Are Bloody Slasher Movies Good for Product Placement?

New research suggests handing the axe-murderer a Coca-Cola.

Marketers have generally shied away from placing their products in the same movies as deranged axe-murderers. The logic of that seems sound. Previous advertising research has indicated that negative emotions can adversely impact the evaluations of brands, and watching dismemberment tends to put people in a weird mood.

Though certainly negative, fear is a unique emotion, and it’s been deemed effective in improving the saliency of certain messages—think drunk driving ads. It’s relationship to brands, though, has been understudied.

A forthcoming paper in the Journal of Consumer Researchby researchers at the University of British Columbia has now vetted fear’s effect on emotional attachment to products, and the results support a surprisingly positive connection. The researchers hypothesized that fear could work for brands in the same way it works for interpersonal relationships. “We propose that during a fearful experience, consumers’ desire for affiliation might lead them to reach out to an available brand as a way to cope,” the authors write. “Given that fear results in interpersonal attachment, and given that consumers relate to brands in interpersonal ways, fear may cause consumers to form attachment with brands.”

“Our study shows advertisers should consider offering up their brands as something to cling to in the dark when the knives come out and the blood starts to splatter.”

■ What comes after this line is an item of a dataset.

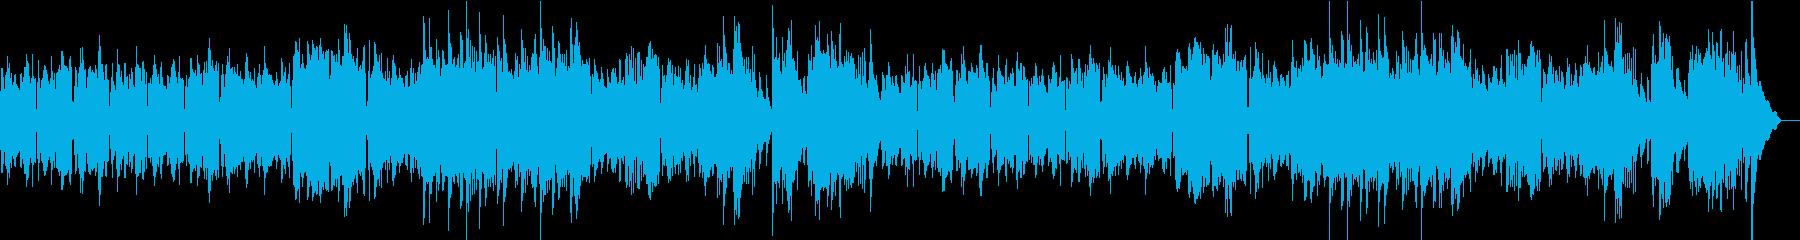 アコーディオン旋律のシャンソン風ワルツの再生済みの波形

In a series of experiments, hundreds of subjects were individually assigned to watch video clips with varying emotional components as part of a fake “movie experience study.” Excitement (Mr. and Mrs. Smith), sadness (I Am Sam), happiness (Friends), and fear (The Ring and Salem’s Lot) conditions were all screened in the presence of an unfamiliar brand product, like sparkling water or juice, which the participants were told they’d be evaluating in a separate “brand evaluation study.” After watching, participants were asked to evaluate their emotional attachment to, and shared emotional experience with, the product sitting in front of them.

The participants watching clips of The Ring and Salem’s Lot, a television series adapted from a Stephen King novel, felt way more “emotionally attached to the brand” than those watching any of the other clips. They also “felt that they had shared the experience with the brand to a greater extent.” “Only when consumers experienced fear did they have a higher perception that the brand shared the experience with them,” the researchers wrote.

In a second test, they primed people with feelings of social connectedness and ran the same test. The researchers discovered that social priming eliminated the “need to affiliate with the target brand and thus there was no positive impact on emotional brand attachment.” This suggested that brands, to some degree, can actually serve as psychological replacements for interpersonal relationships.

In a separate experiment, the study found that the product didn’t need to be consumed; its presence was enough for the effect to work. This has obvious implications for real product placement, in which there is no tactile interaction.

“Marketers are afraid of fear,” Lea Dunn said in a statement. “But our study shows advertisers should consider offering up their brands as something to cling to in the dark when the knives come out and the blood starts to splatter.”